About this exercise:
I'd like the data beneath this line reproduced exactly, without any of its images.

Data extract:

- Opening Delimiter -

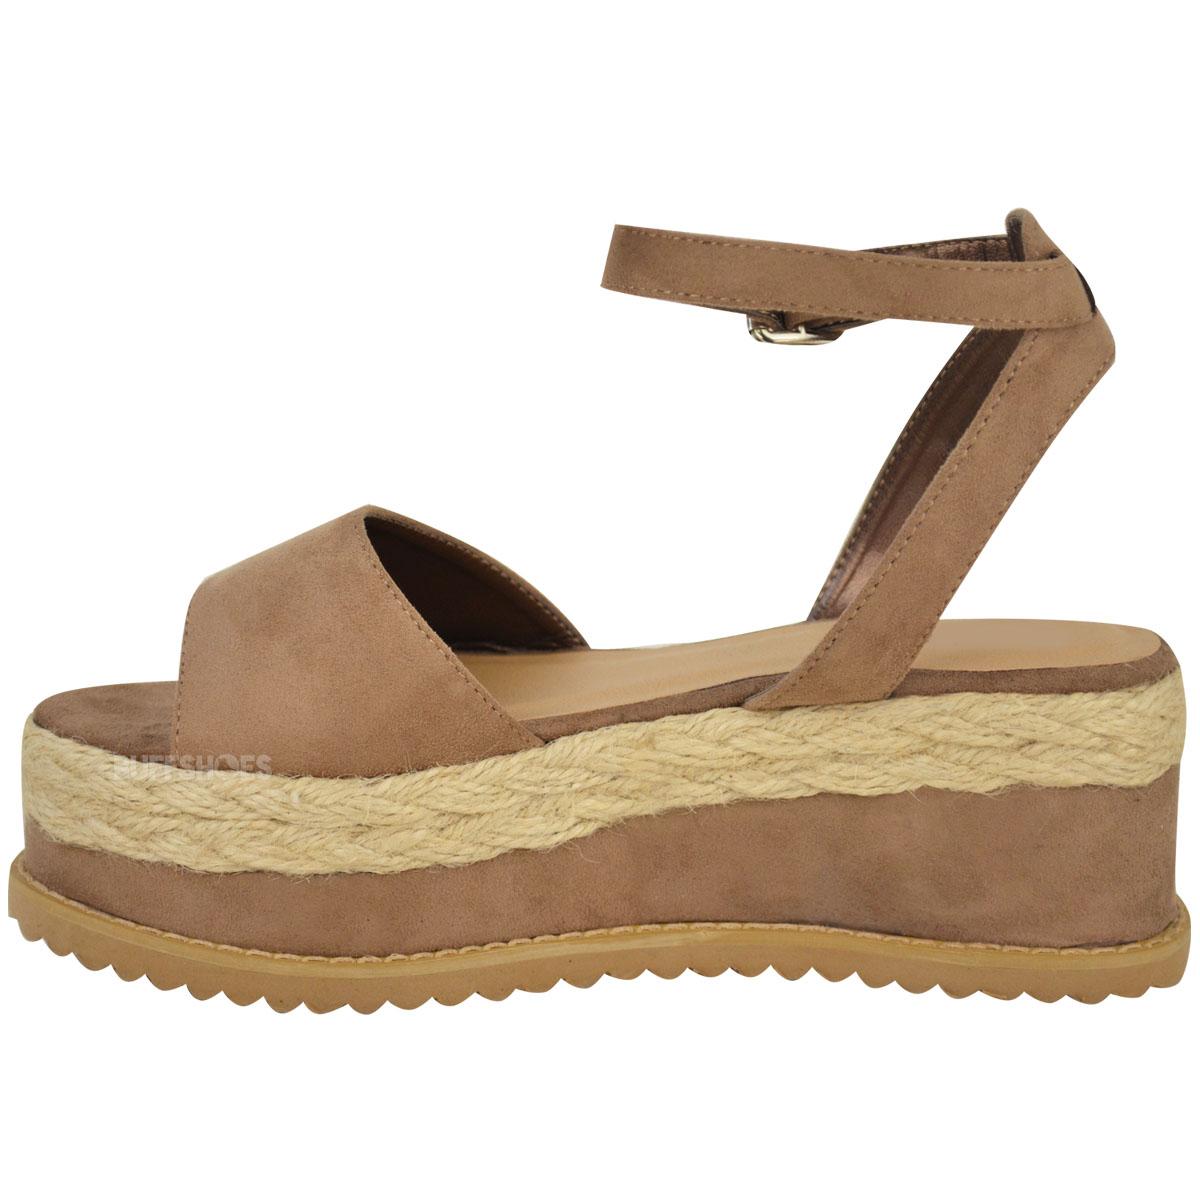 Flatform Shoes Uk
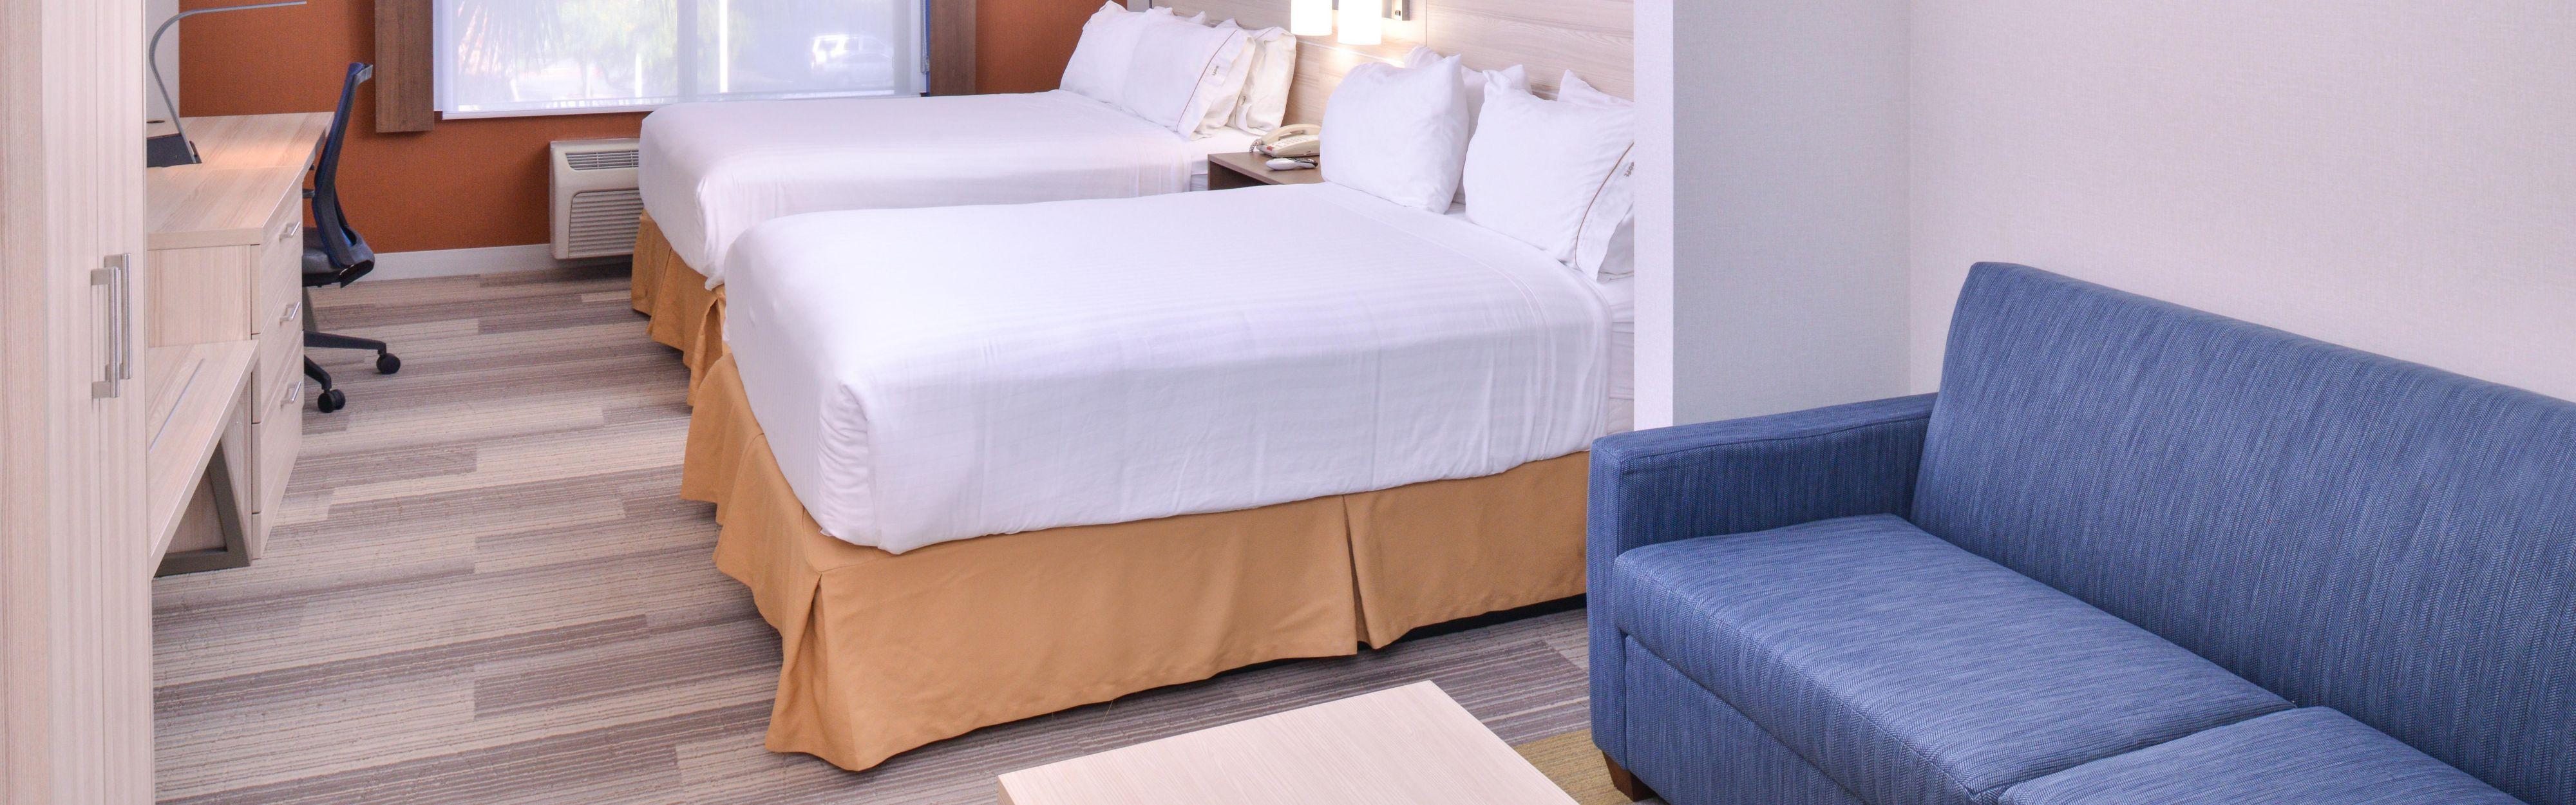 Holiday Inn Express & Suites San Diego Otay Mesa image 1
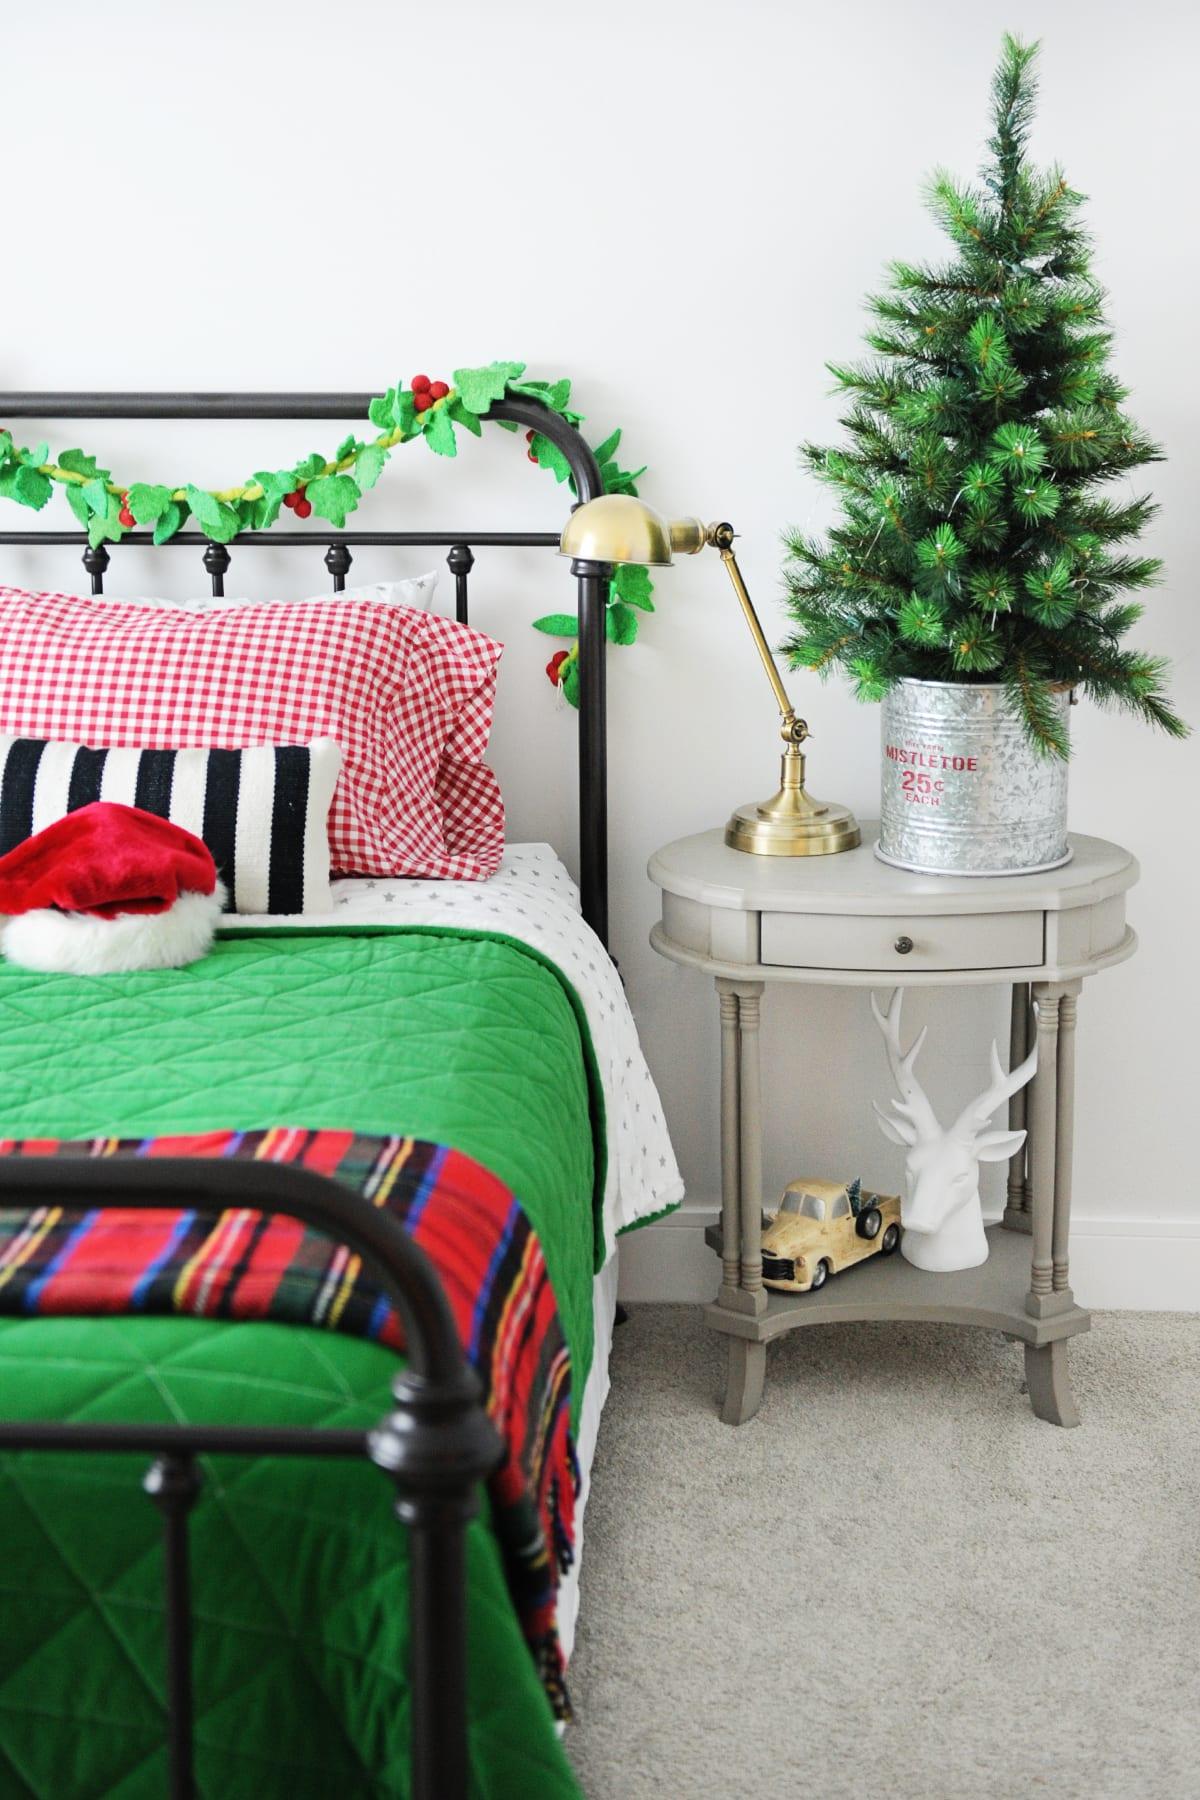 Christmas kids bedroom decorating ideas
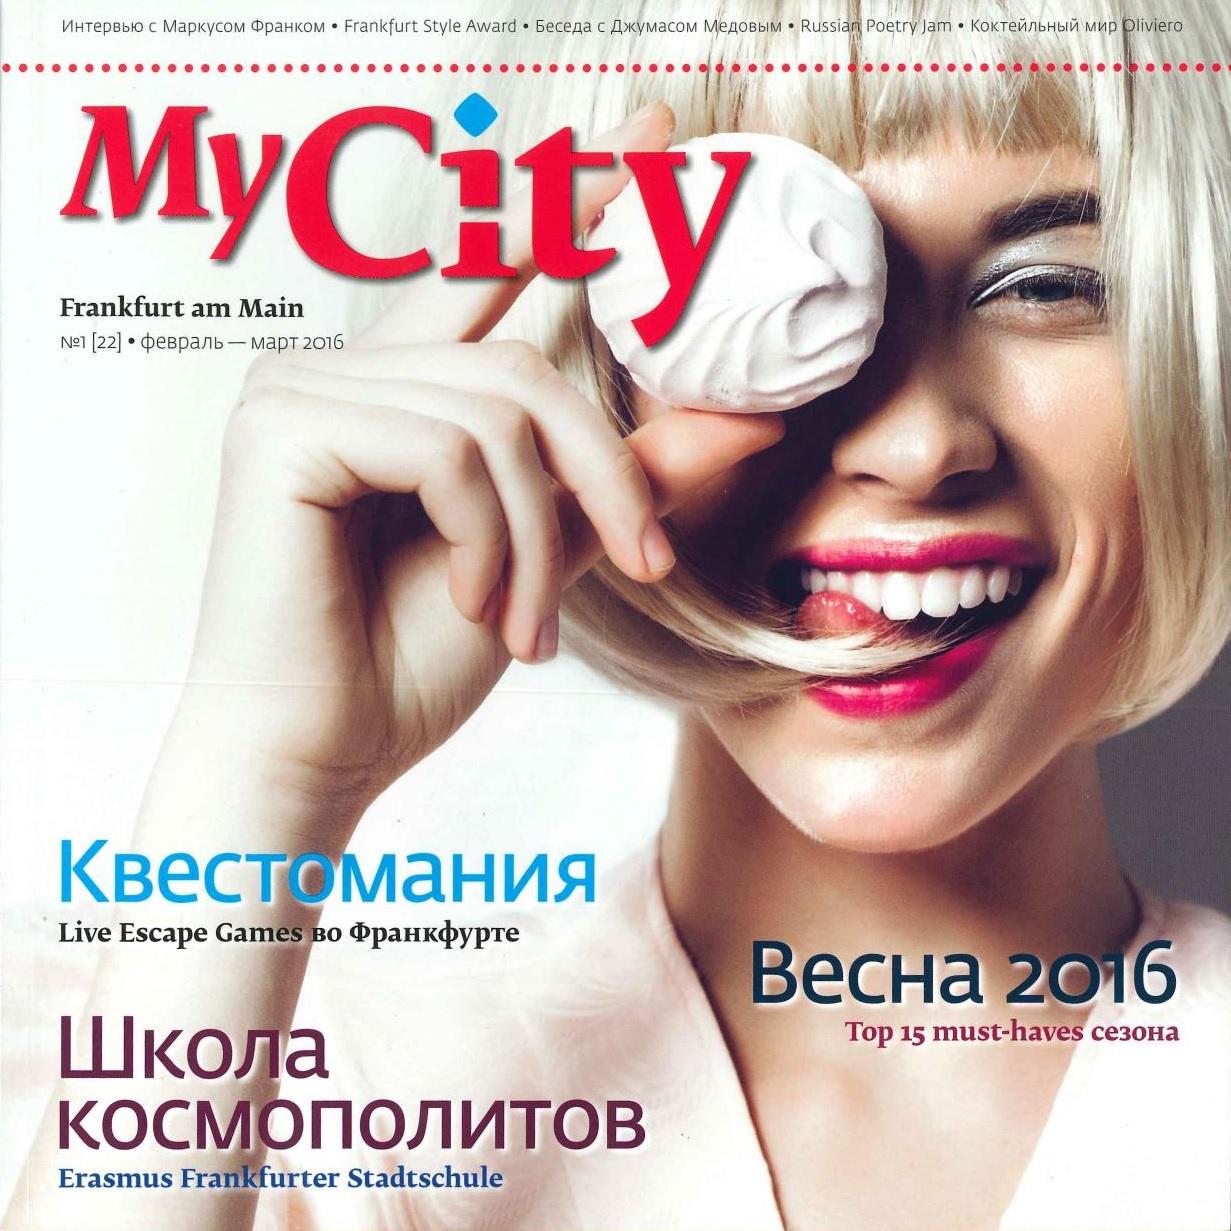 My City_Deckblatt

- Closing Delimiter -

Response to the task:
 Flatform Shoes Uk
 Holiday Inn Express & Suites San Diego Otay Mesa image 1
 Christmas kids bedroom decorating ideas
 My City_Deckblatt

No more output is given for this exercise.